Apart from the pictures, the listing is to be returned exactly.

PROVIDED DATA:
::::::

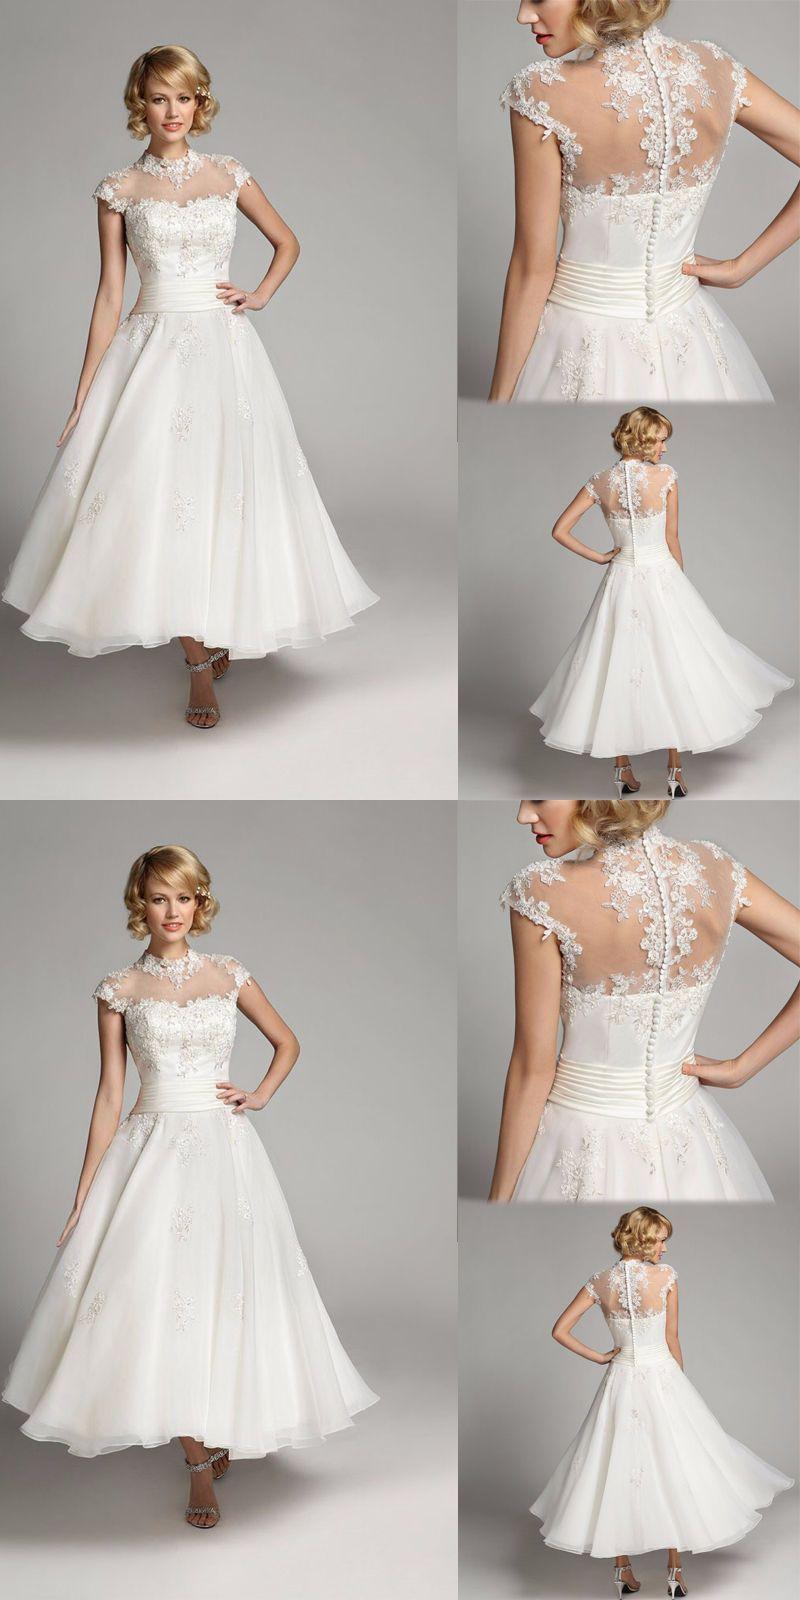 Wedding dresses vintage short wedding dress tea length white
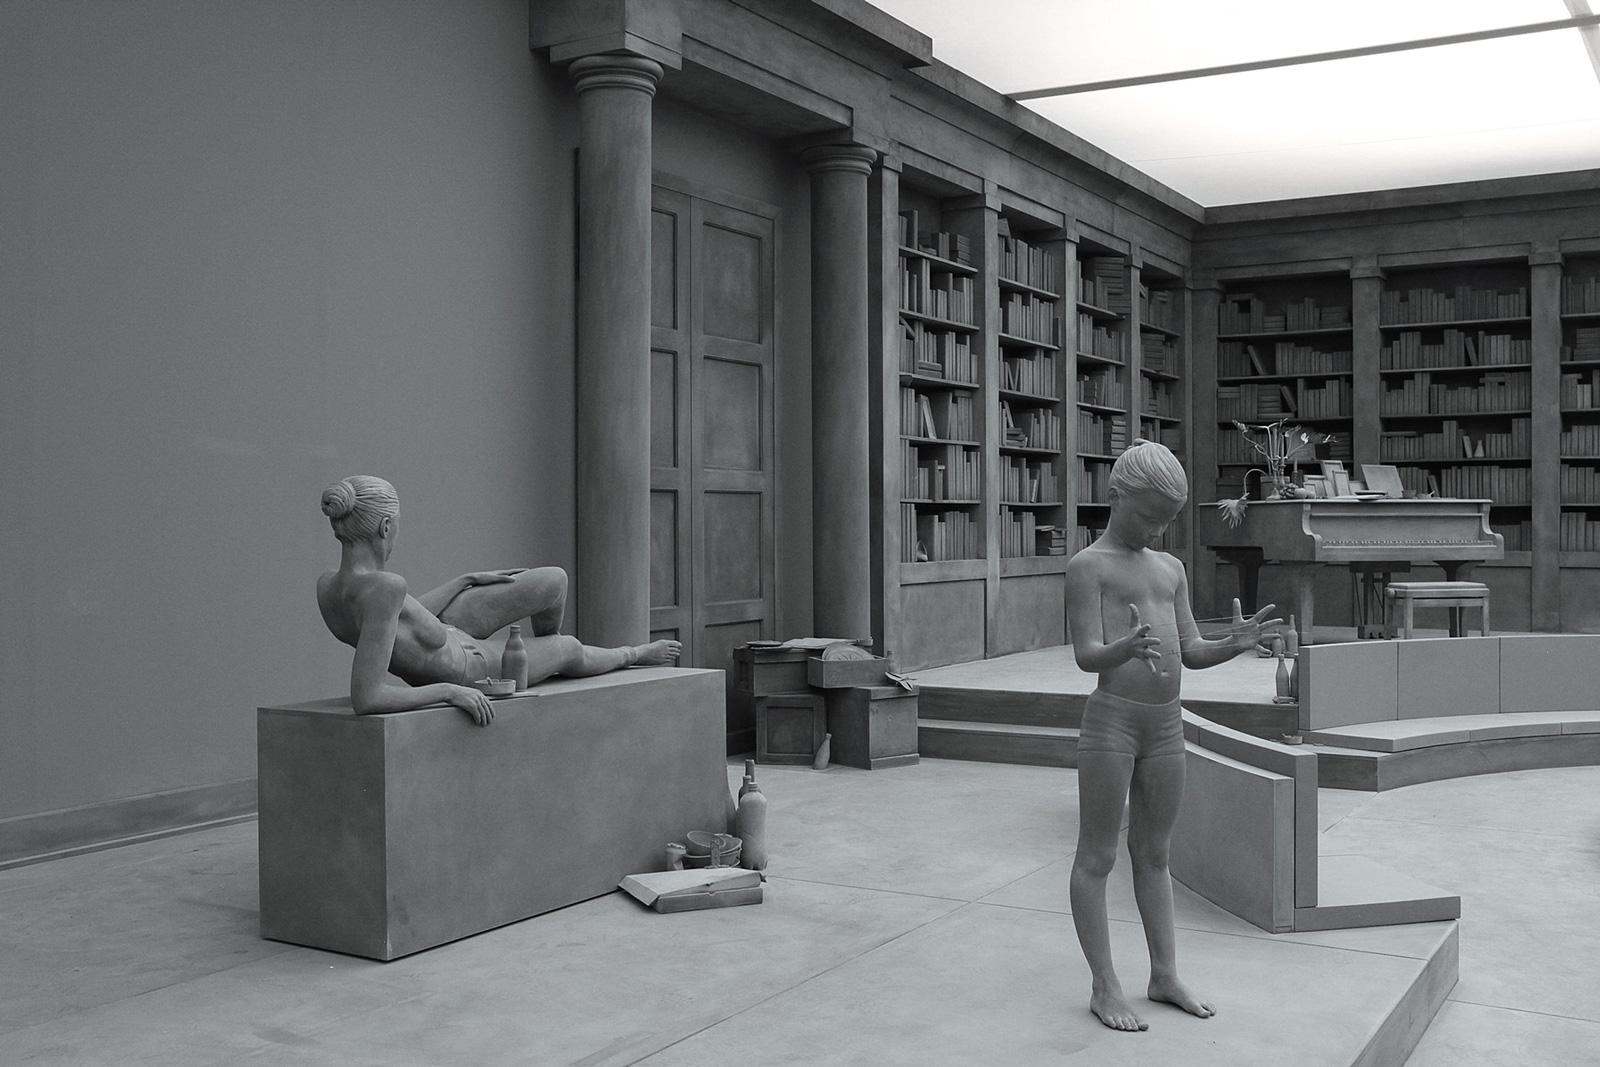 Hans Op de Beeck, The Collector's House, sculptural installation, 2016
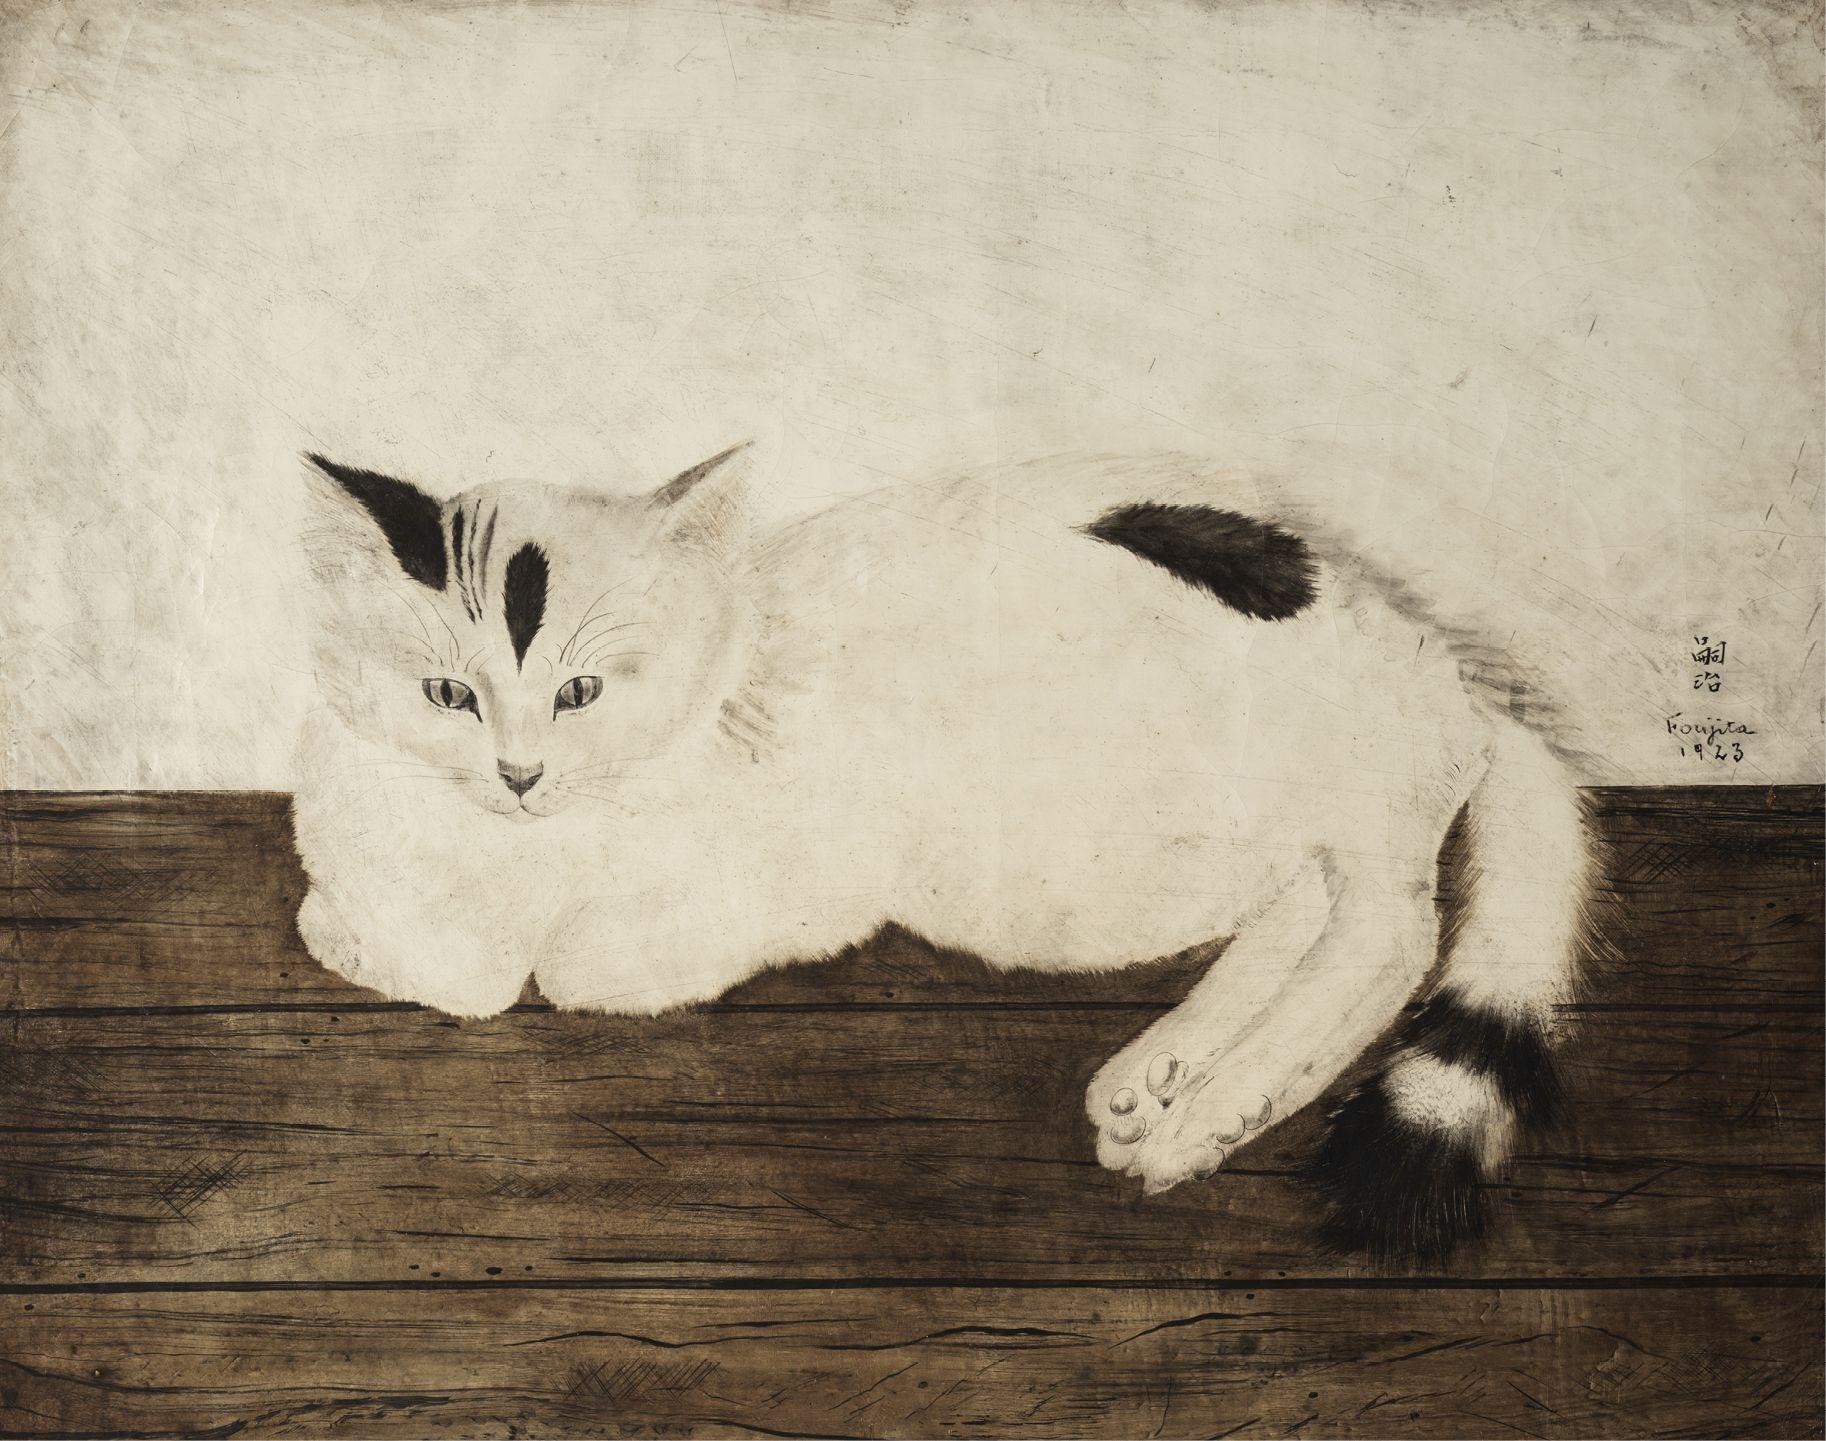 95 Leonard Tsuguharu Foujita 1886 1968 Chat Couche 1923 Huile Sur Toile Signee Art Impressionniste Et Modern En 2020 Art Impressionniste Art Huile Sur Toile

::::::

ANSWER BOX:
 Wedding dresses vintage short wedding dress tea length white
 Hans Op de Beeck, The Collector's House, sculptural installation, 2016
 95 Leonard Tsuguharu Foujita 1886 1968 Chat Couche 1923 Huile Sur Toile Signee Art Impressionniste Et Modern En 2020 Art Impressionniste Art Huile Sur Toile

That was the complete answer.